Love it or hate it, deregulation is a major priority for the current political administration. And while regulatory battles may seem like concerns for policymakers on Capitol Hill, they have real, whack-you-in-the-wallet implications for consumers, too.

The impact of deregulation is especially relevant when it comes to the financial services industry, where regulatory rollbacks may give lenders, credit card companies and other financial institutions the freedom to engage in business practices some consider predatory or abusive.

“Deregulation may spur the economy, but in doing so, it emboldens corporations and companies to look out for themselves,” says Kathryn Hauer, author of “Financial Advice for Blue Collar America.” “It’s going to become more important for individuals to make sure they’re not getting scammed or tricked

[and are] led down the right financial path.”

Recent regulatory reductions for financial services include the delay of the fiduciary rule, which requires financial advisors to act in your best interest when giving retirement and 401(k) advice, and rolling back the implementation of certain regulations for payday lenders and companies offering prepaid credit cards. Conservative politicians have also made moves to weaken the Dodd-Frank Act – the Wall Street regulations signed into law after the financial crisis in 2008.

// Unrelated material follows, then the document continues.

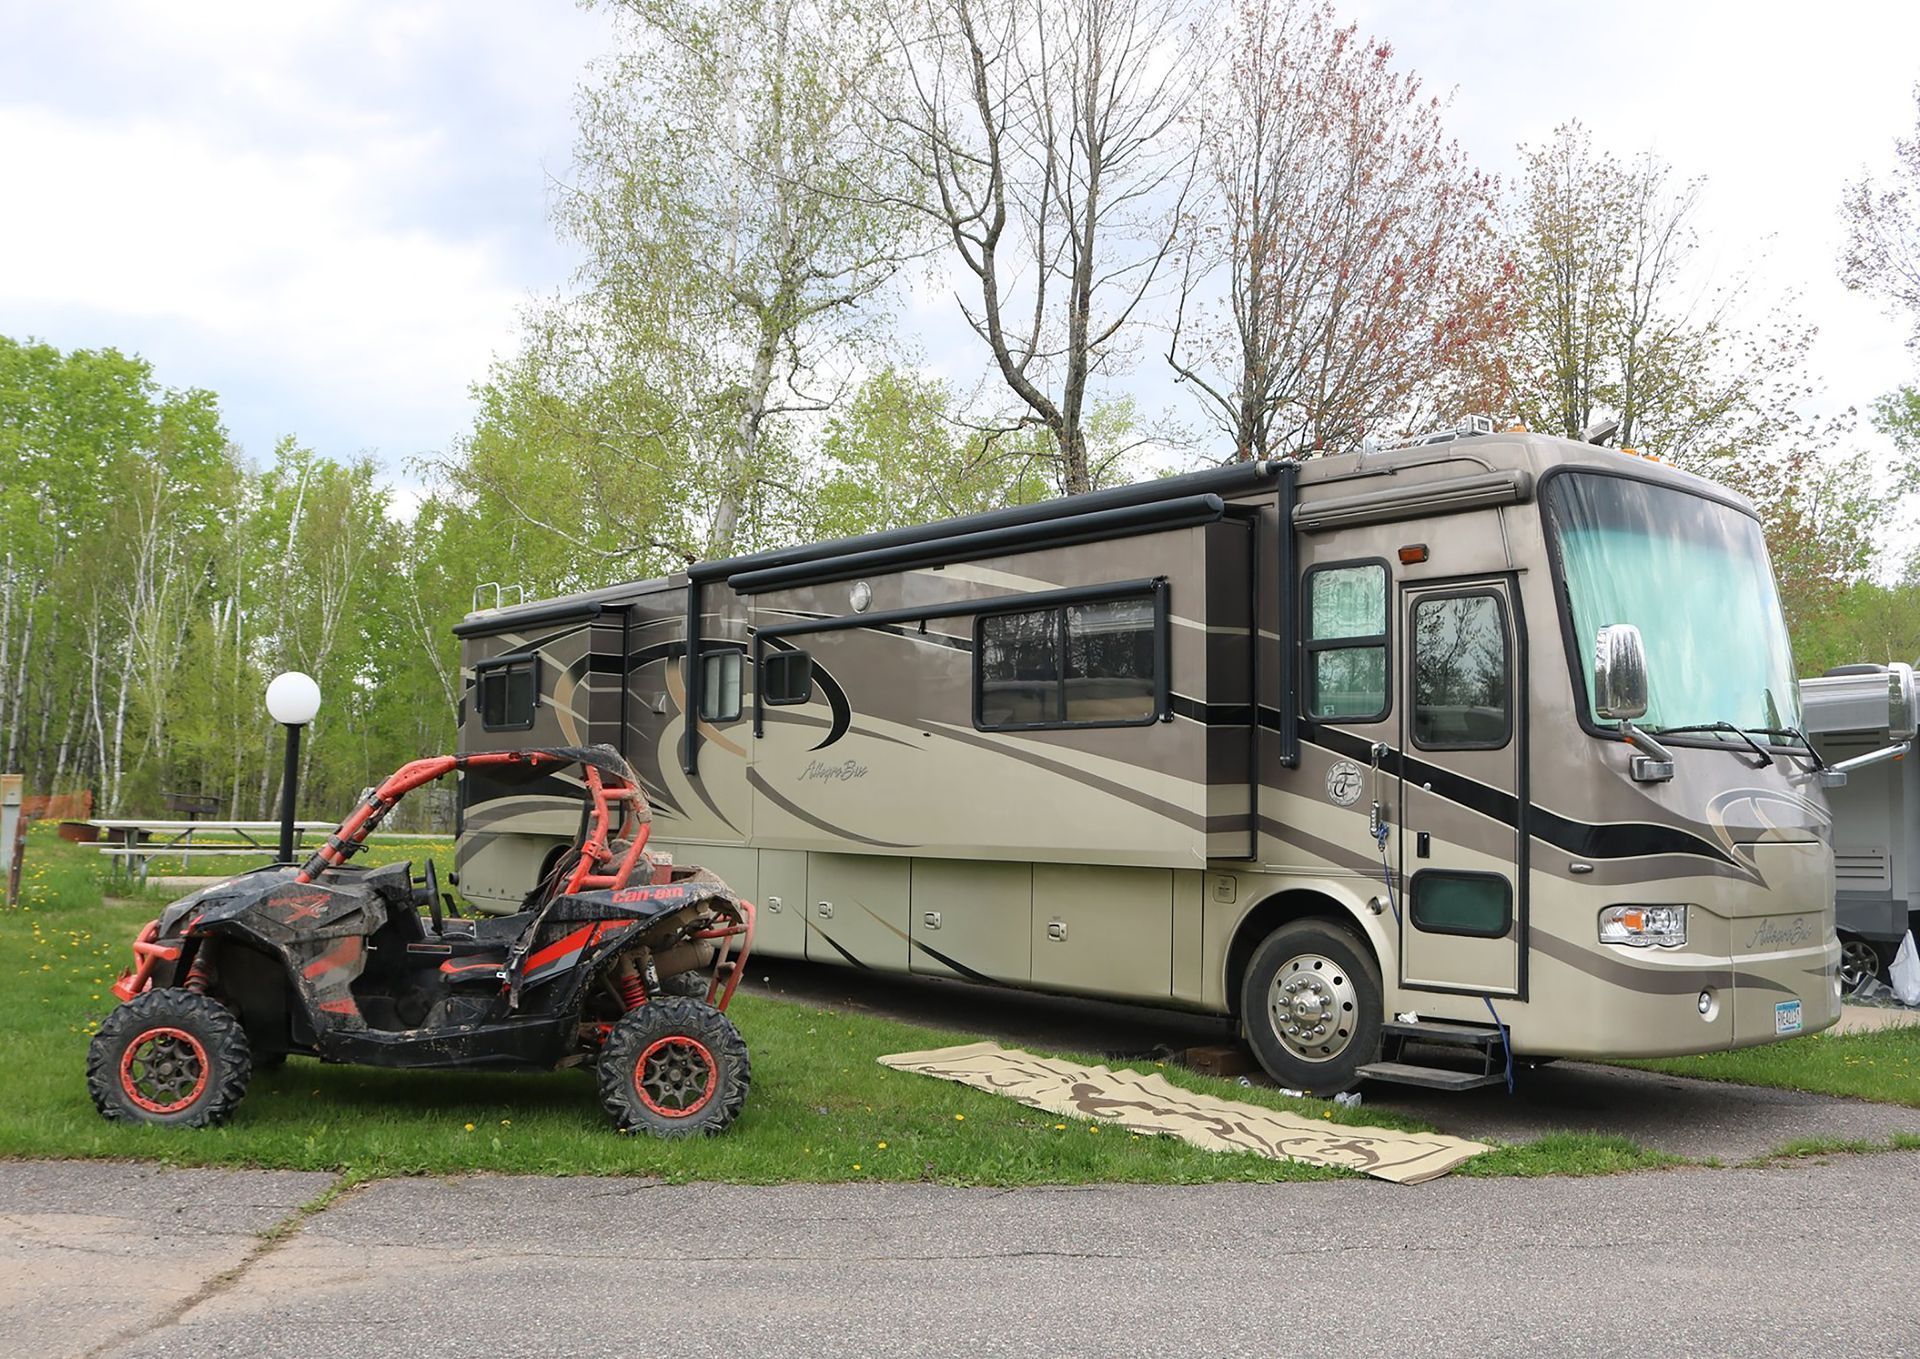 An image of recreational vehicles parked at the Trails Inn Quadna Mountain RV Campground.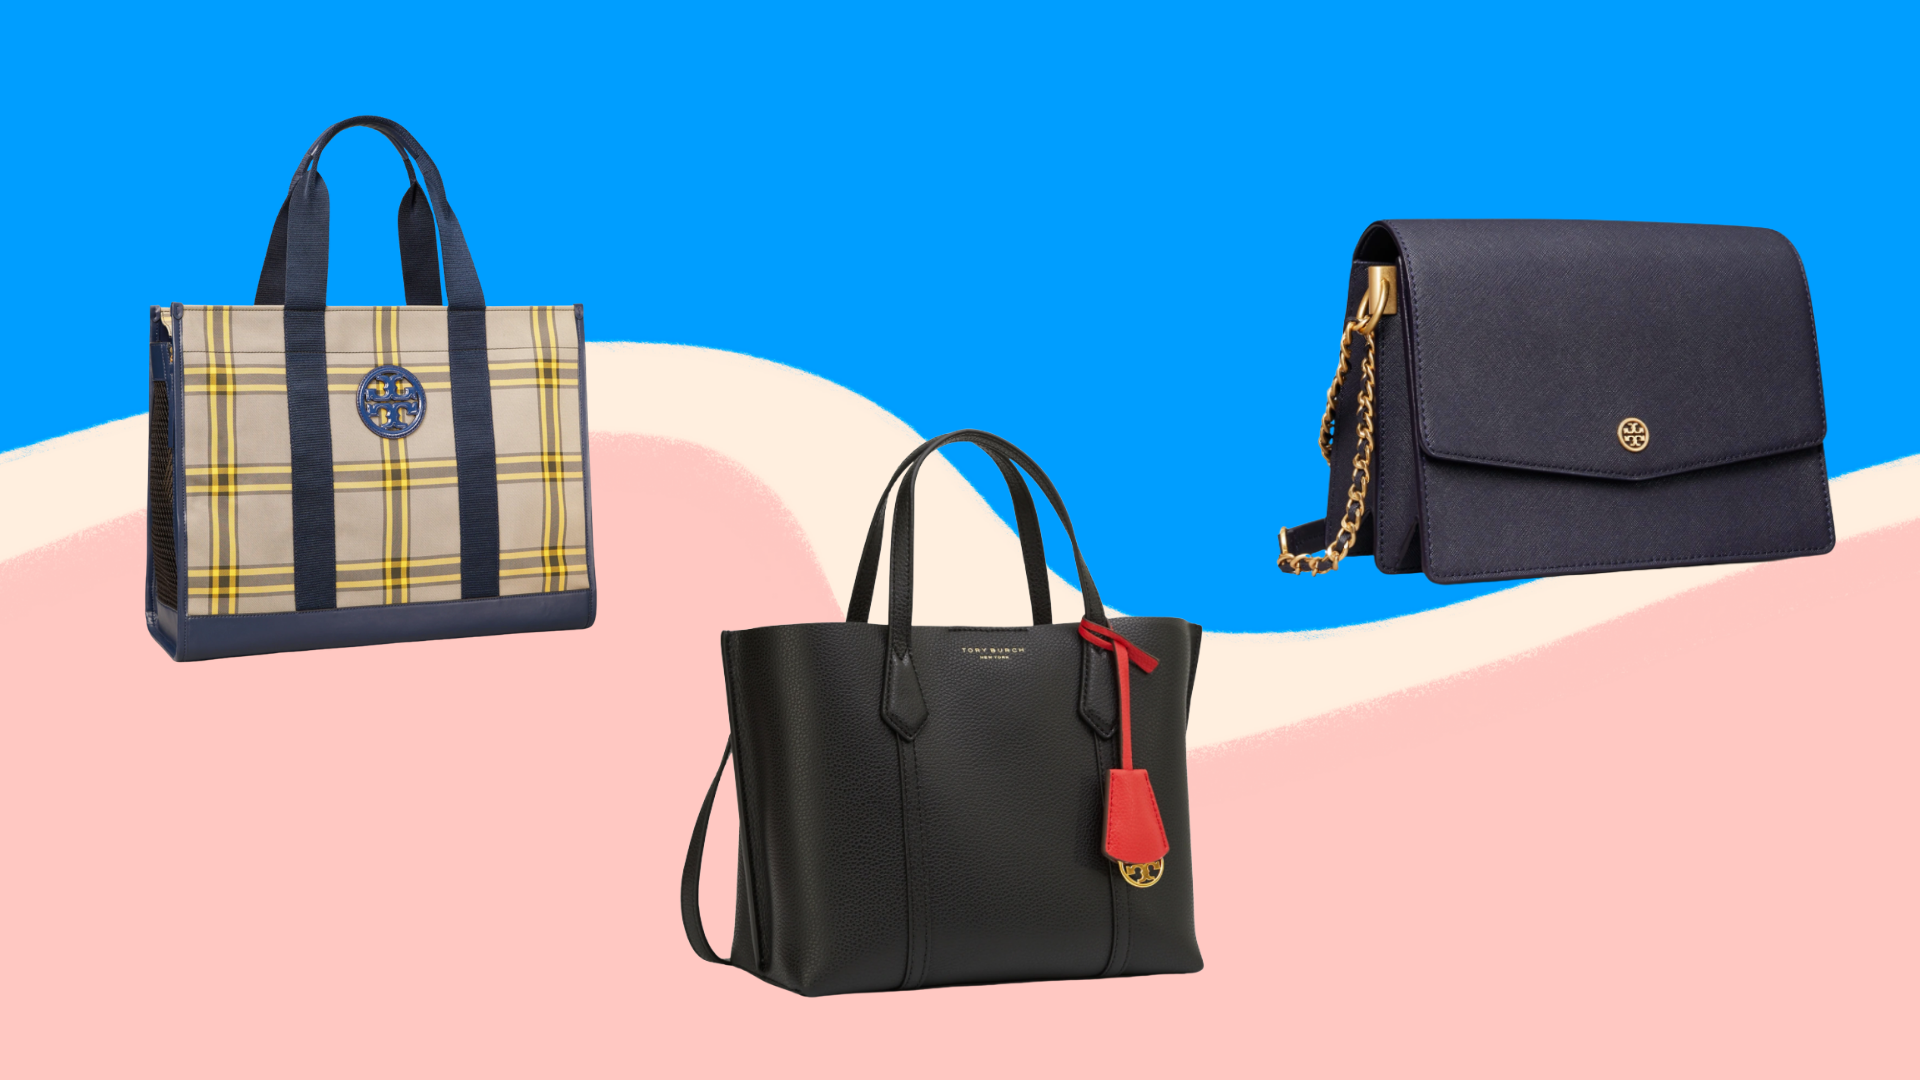 Tory Burch private sale: Shop the best deals during the semi-annual event

Even the Consumer Financial Protection Bureau, a watchdog group tasked with representing the rights of financial consumers, has changed its mission statement, under its new leadership, to include the goal of “addressing outdated, unnecessary, or unduly burdensome regulations.” While that’s good news for financial companies, it may concern consumers, who worry that businesses will be less inclined to offer appropriate, safe financial products to their customers.

That’s a valid concern, says Lauren Willis, professor at Loyola Law School in Los Angeles. “People cannot realistically protect themselves from every scam,” she says in an email. “That is one very important reason we need the CFPB to pursue and stop deception and abuse in financial services.”

So what does deregulation mean for your finances? It’s complicated, experts say. In general, those who favor deregulation stress that it allows consumers to make their own financial choices without the impact of federal or state intervention, and it can put downward pressure on the prices of services and goods. If there are bad deals out there, they argue, consumers will stay away, and those companies will change their practices or go out of business.

But to make good financial decisions and steer clear of predatory money products, experts say, consumers need a certain level of financial literacy.